In just nine minutes, Query presents a though-provoking exploration on the origins of sexual orientation while remaining a touching, charming and endearing story of two best friends trying to find out more about themselves and each other.
That’s a lot to juggle in such a short runtime, but director Sophie Kargman doesn’t waste a second in introducing the main topic of the film. Jay (Justice Smith) and Alex (Graham Patrick Martin) are just a couple of straight bros living in a house together, going about a snoozy day playing video games and relaxing in the pool. Except Alex is hung up on the idea of heterosexual normality, and whether it’s something instinctive from birth or a result of societal conditioning.
Alex’s lines in the opening scenes cut straight to this point. He brings up historical examples of homosexuality in society and how modern stigmatisation has had a profound impact on the sexual orientation taken by many. Even though it’s a really interesting topic, I found some of this writing to be a bit too on the nose as if Sophie Kargman was using these characters as a way to communicate her thesis on the subject.
Thankfully, these exchanges do have a natural flow to them thanks to the chemistry of the two leads. Smith’s nonchalant – almost monotone – delivery of Jay’s crass remarks provides a welcome foil to the hyper-energetic lectures of Martin’s Alex. And the two work brilliantly off each other, establishing their character’s friendship and giving more weight to Query’s closing scene.

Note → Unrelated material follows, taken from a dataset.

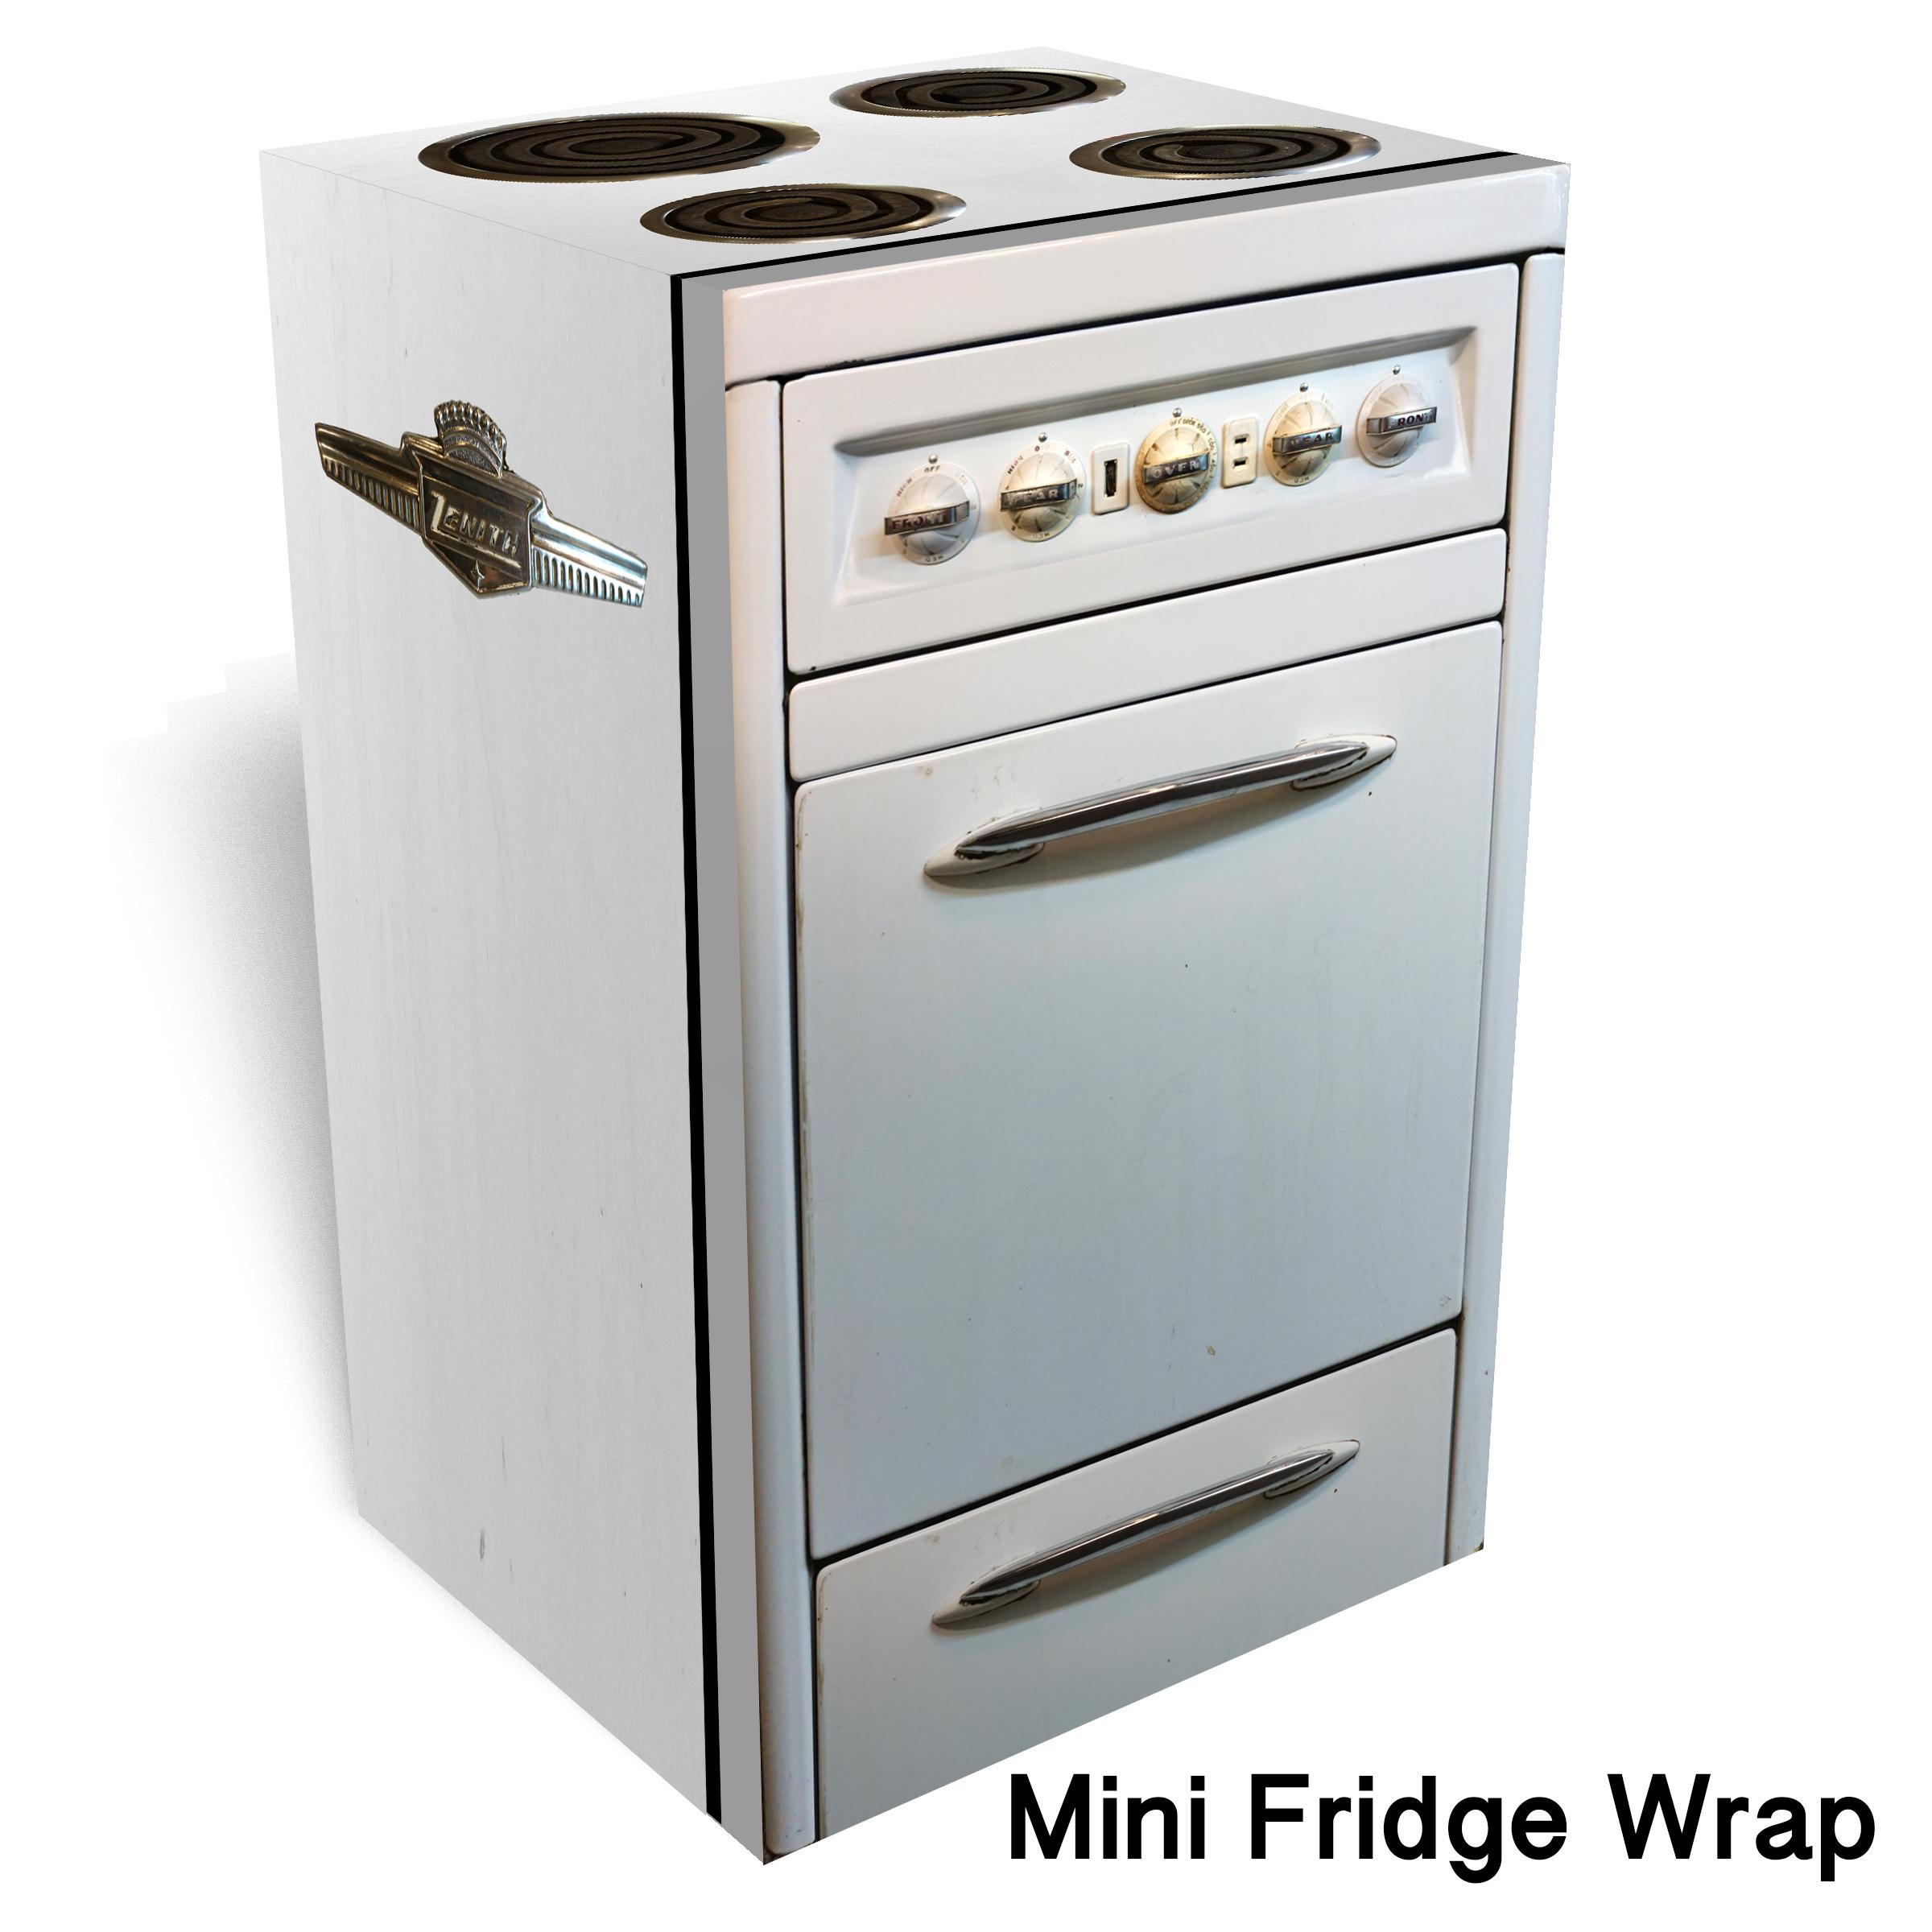 Zenith Vintage Oven Mini Fridge Wrap

I really enjoyed how Sophie Kargman builds the drama of the short from a leisurely day between two friends to an emotionally charged decision that leaves the characters and the audience re-evaluating some of their core beliefs.

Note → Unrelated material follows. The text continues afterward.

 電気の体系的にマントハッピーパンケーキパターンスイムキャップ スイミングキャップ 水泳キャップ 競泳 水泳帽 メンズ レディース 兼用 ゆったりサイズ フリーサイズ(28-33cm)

Early on, she uses match cuts and quick editing to create the impression of a standard day in the life of Alex and Jay flying by with no real consequences. But as Query progresses, the shots begin to linger, irrelevant conversations happen off camera, and the framing becomes way more serious as the character’s contemplate their relationships.
I also want to briefly mention the set design and costumes. From the opening shot of a messy kitchen with Alex and Jay still in their underwear to the final scene set under fairy lights with the two now well dressed, it’s a smart visual representation of the maturing mindsets held by the characters.

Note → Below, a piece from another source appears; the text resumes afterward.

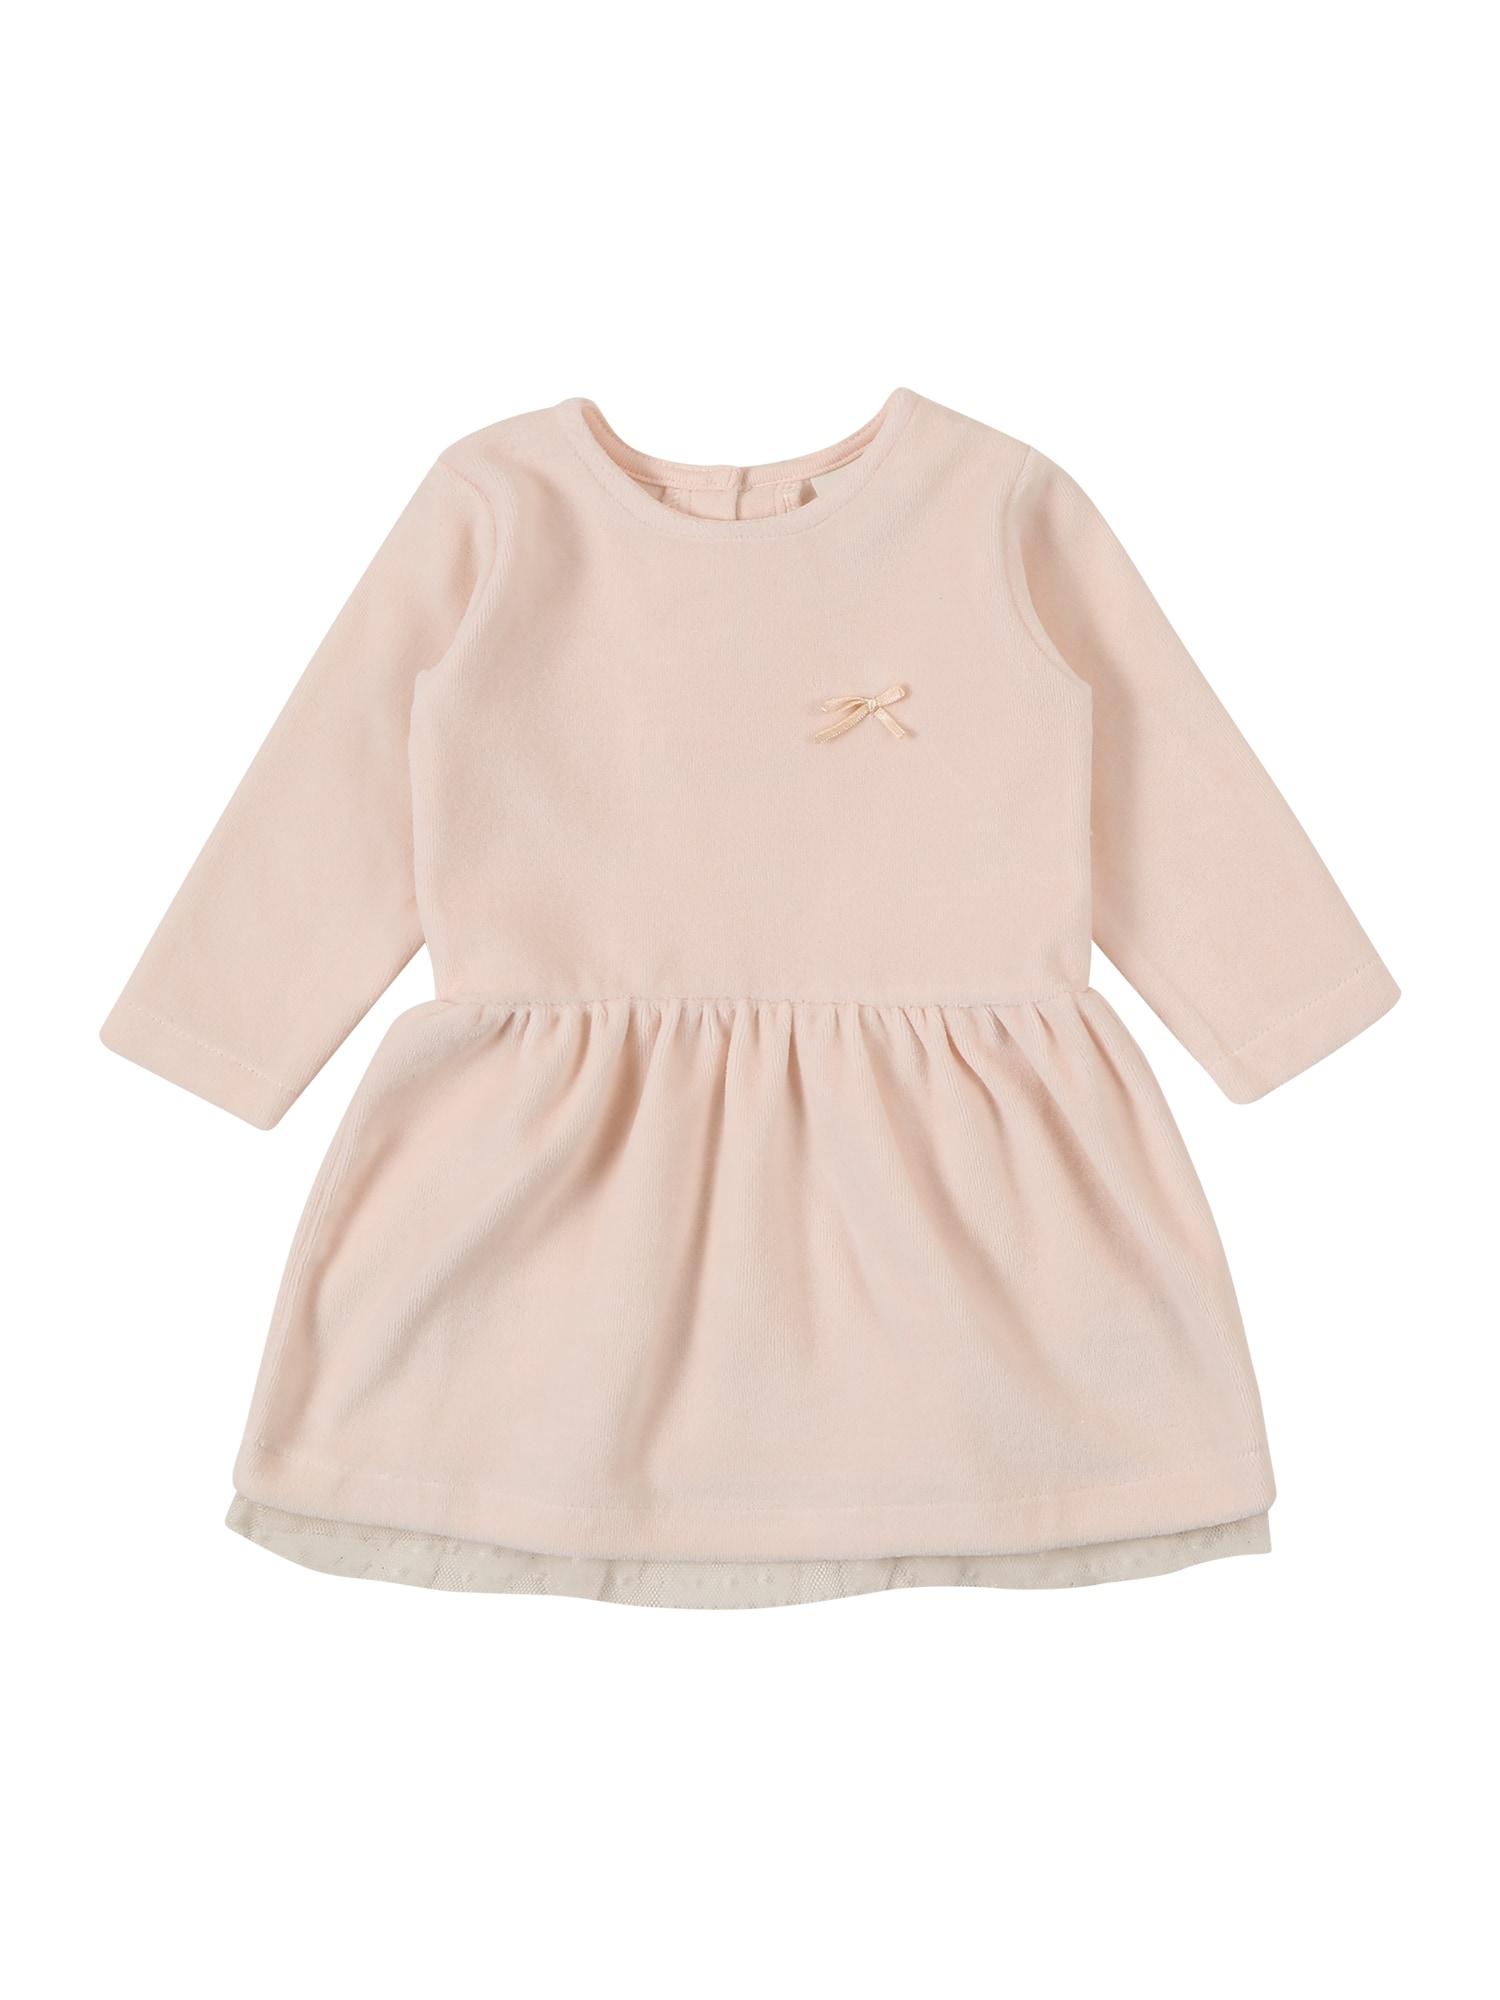 JACKY Suknelė 'FLUFFY & LOVELY' pastelinė rožinė

Even if I prefer writing in films to be more subtle than this, I can’t deny that Query had me thinking about its topic while also connecting with its characters. The filmmaking is immaculate in how it takes every opportunity to portray the ideas of the film in a condensed, visually-pleasant package – to the point that I didn’t even notice a lot of the nuances the first time through.
But it’s the relationship between Alex and Jay that makes Query a worthwhile watch. Their funny quips and comfortable demeanour make for an accessible window into discussing the topic of sexuality in society. And it’s a topic that still needs exploring, especially from the rather novel perspective of heterosexual males.
And that final line is a perfect representation of the all the questions that Query asks.
If you have ten minutes to spare – which, let’s face it, you absolutely do – give this short film a look and open yourself up to its endearing qualities and topical themes.